Ao reforçar a liquidez neste momento, e sem credores batendo na porta no horizonte, elas esperam ter condições de seguir o processo de renovação do restante da dívida em condições melhores no futuro.

Como dito acima, nem toda a variação dos juros pode ser atribuída à perda do grau de investimento pelo Brasil, salvo no caso das emissões soberanas. "Nas captações do Tesouro, o aumento do spread sobre os Treasuries na comparação com os anos anteriores representa a piora da qualidade da economia do país e pode ser atribuído ao 'downgrade'", diz Quintas.

Na emissão de março, quando a situação política era menos clara, o Tesouro Nacional aceitou pagar 6,125% de retorno ao investidor para captar US$ 1,5 bilhão, um aumento de 57,5% ante sua última emissão. A taxa equivale a um prêmio de 420 pontos-base sobre os títulos do Tesouro americano (que pagavam na ocasião 1,93%), maior nível desde pelo menos 2009. Em setembro de 2014, quando ainda mantinha o selo de "bom pagador", o Brasil pagou 3,888% por dez anos, um prêmio de 147 pontos sobre os papéis do Tesouro americano, cuja taxa estava mais alta, em 2,42%.
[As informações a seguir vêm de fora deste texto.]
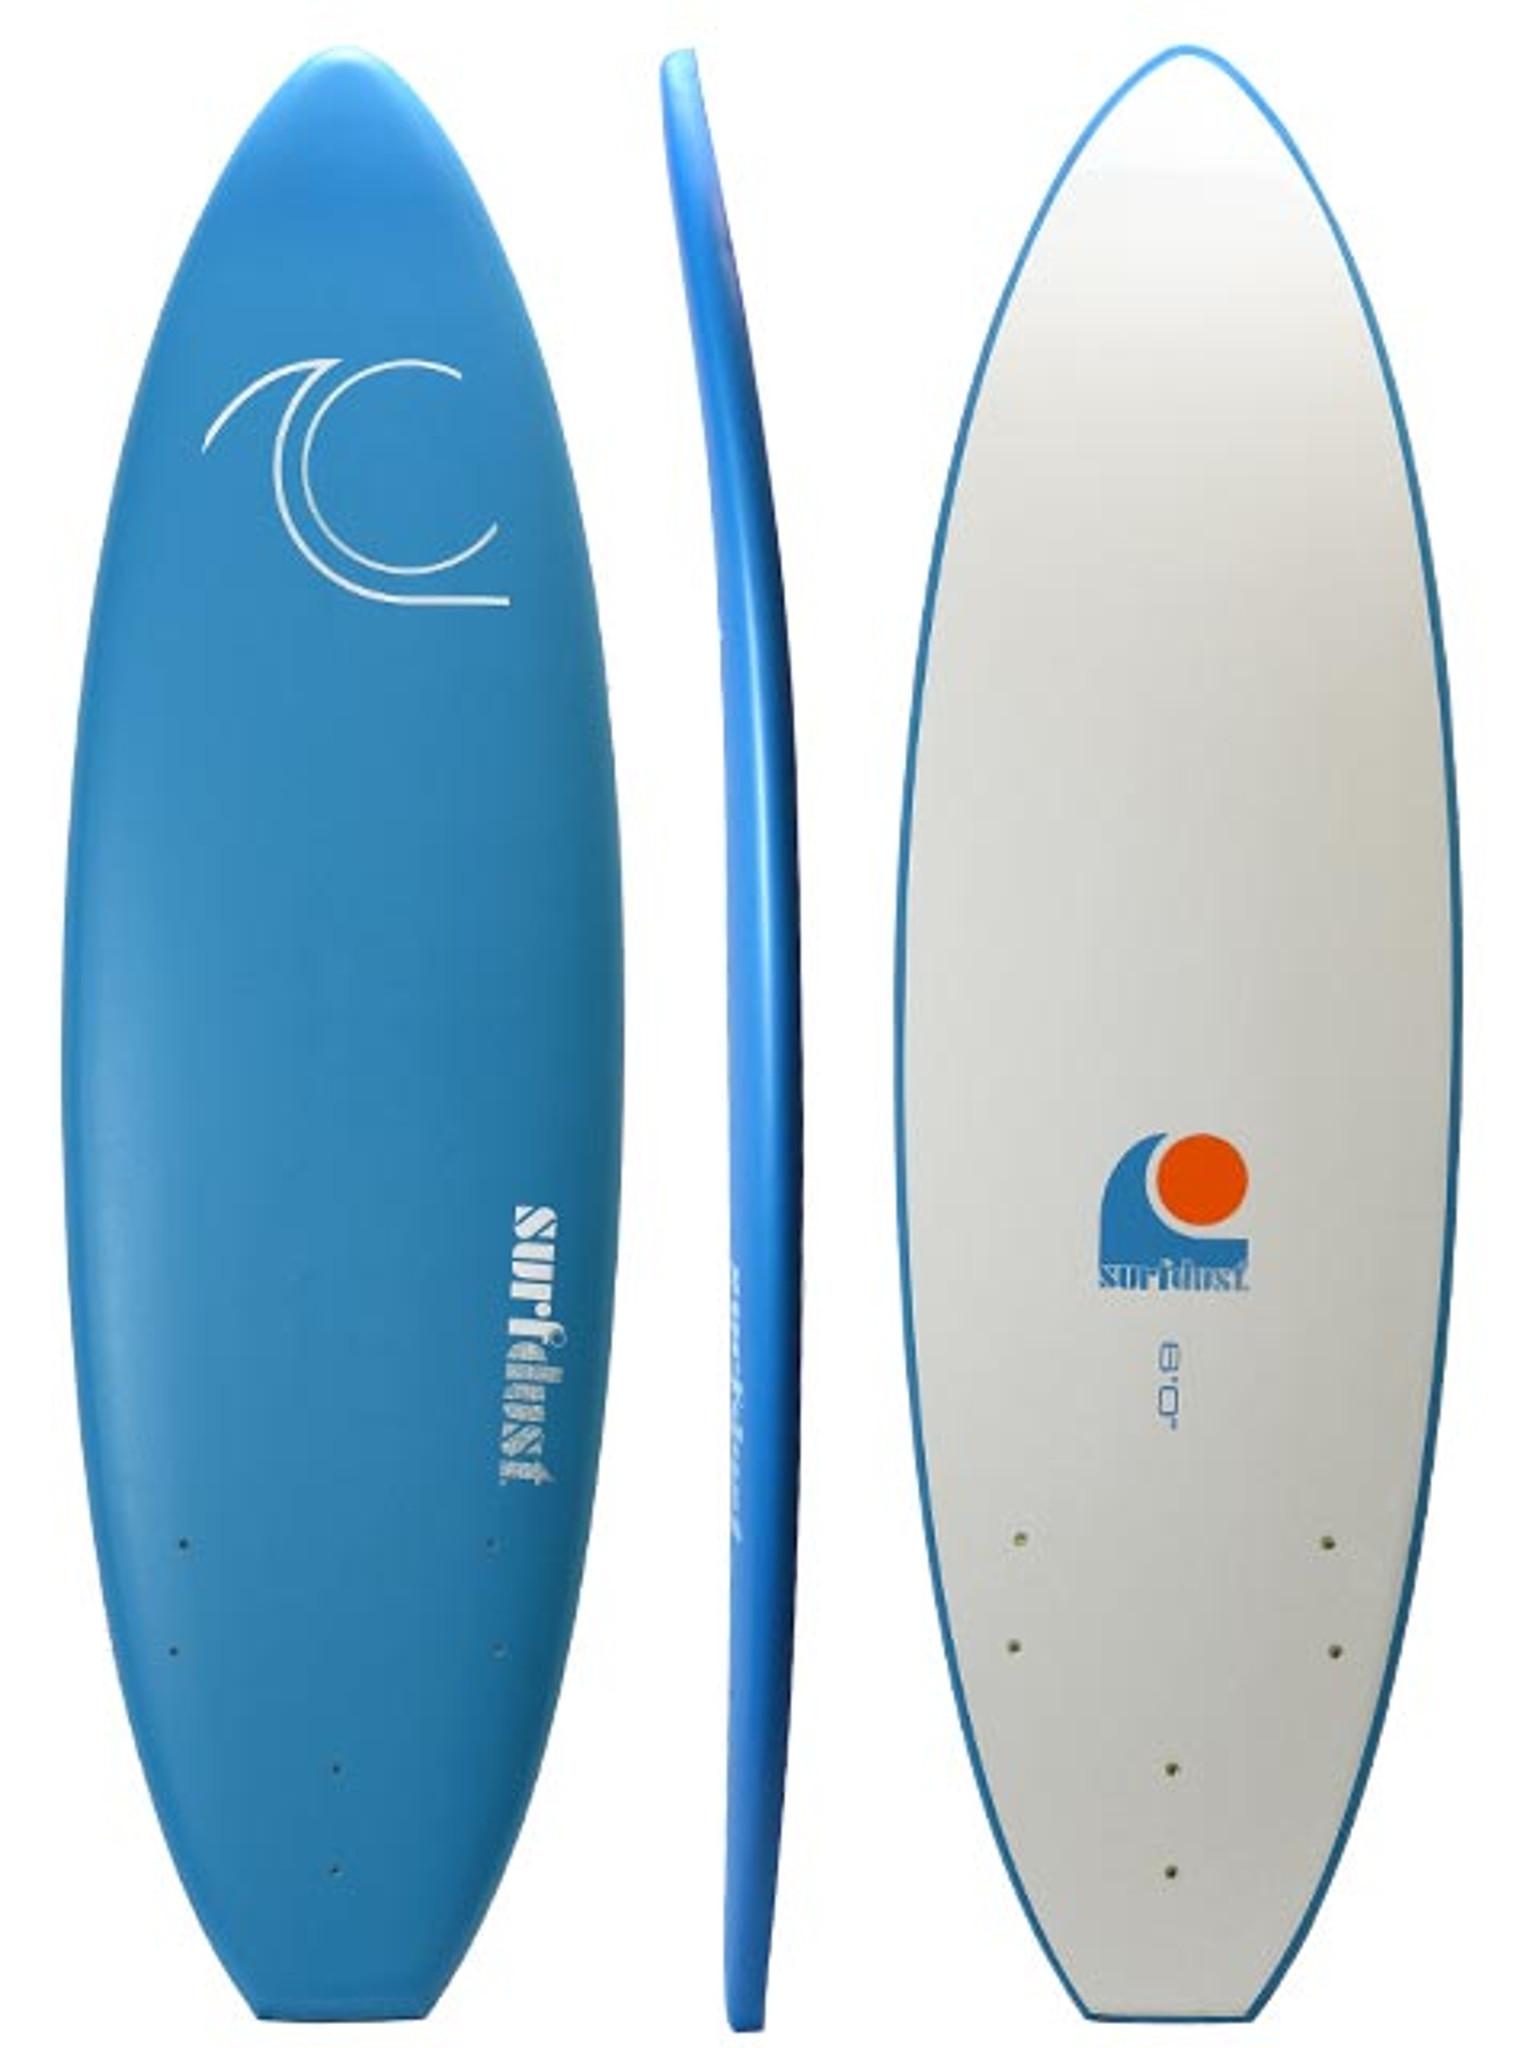 SURFDUST - Intro 6ft Soft Surfboard - Beginners Surfing
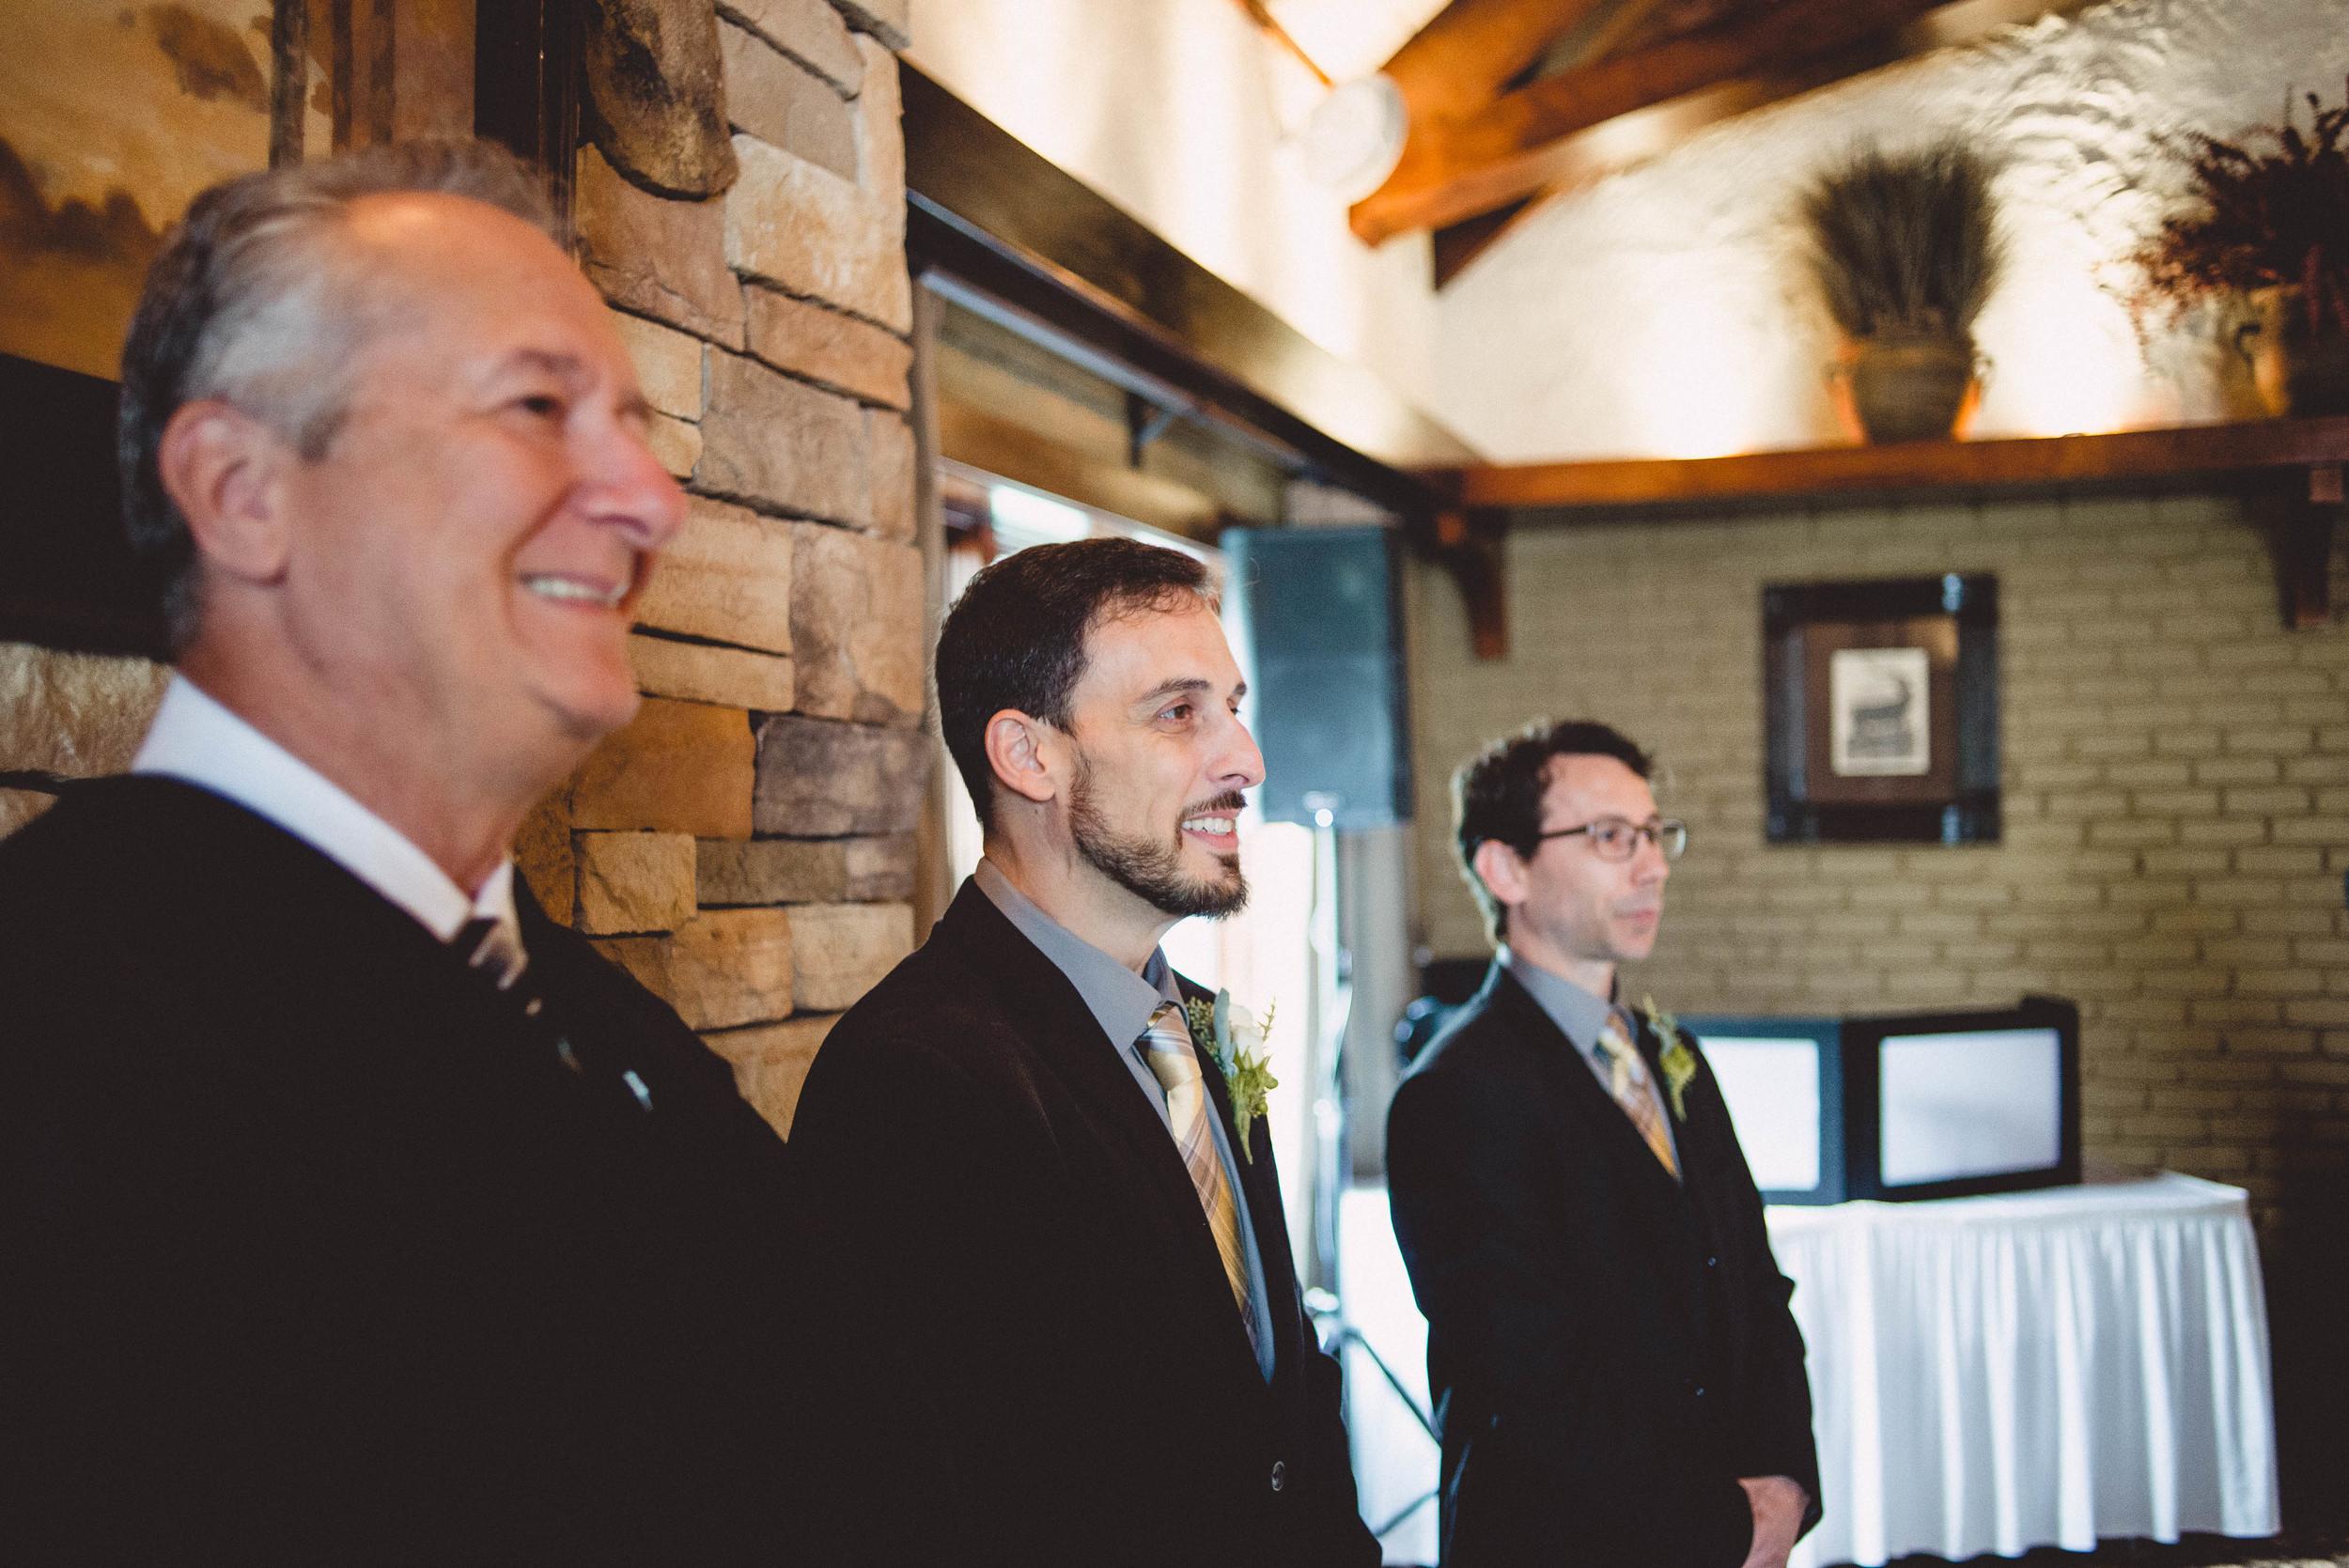 Matt and Shannon Wedding-20160730-17-30-41.JPG

Quando se compara a captação deste ano com operações de 2012 e 2013, o encarecimento é maior ainda. Em 2013, o Tesouro reabriu um bônus com vencimento em janeiro de 2023 emitido no ano anterior e pagou um retorno de 2,75%, o equivalente a um spread de 98 pontos sobre os Treasuries.

Num horizonte mais curto, dificilmente o Brasil vai conseguir captar numa taxa tão baixa. Cabe notar, contudo, que desde a emissão de março as condições melhoraram para o Tesouro e, consequentemente, para as empresas. Os papéis emitidos com taxa de retorno de 6,125% pagam hoje cerca de 4,25%, uma queda de 1,87 ponto percentual.

Boa parte da compressão da taxa desse título soberano, segundo o executivo de um grande banco de investimento, veio da melhora da percepção de risco em relação ao país. Isso porque quando se compara o spread sobre os Treasuries, verifica-se um recuo de 149 pontos, dos 420 pagos em março para os atuais 271 pontos, enquanto a taxa paga pelos títulos de dez anos do Tesouro americano caiu apenas 0,38 ponto percentual, de 1,93% para os atuais 1,54%.

Na esteira da melhora recente na percepção de risco do país, que deve se estender, na avaliação do interlocutor, os papéis do Tesouro emitidos em março podem testar níveis abaixo dos 4% nos próximos seis meses no secundário. "Não estamos muito longe dos níveis de 2014", diz. No pano de fundo, está a manutenção de um fluxo relevante para portfólios de emergentes e, por consequência, para o Brasil, especialmente após o encerramento do processo de impeachment.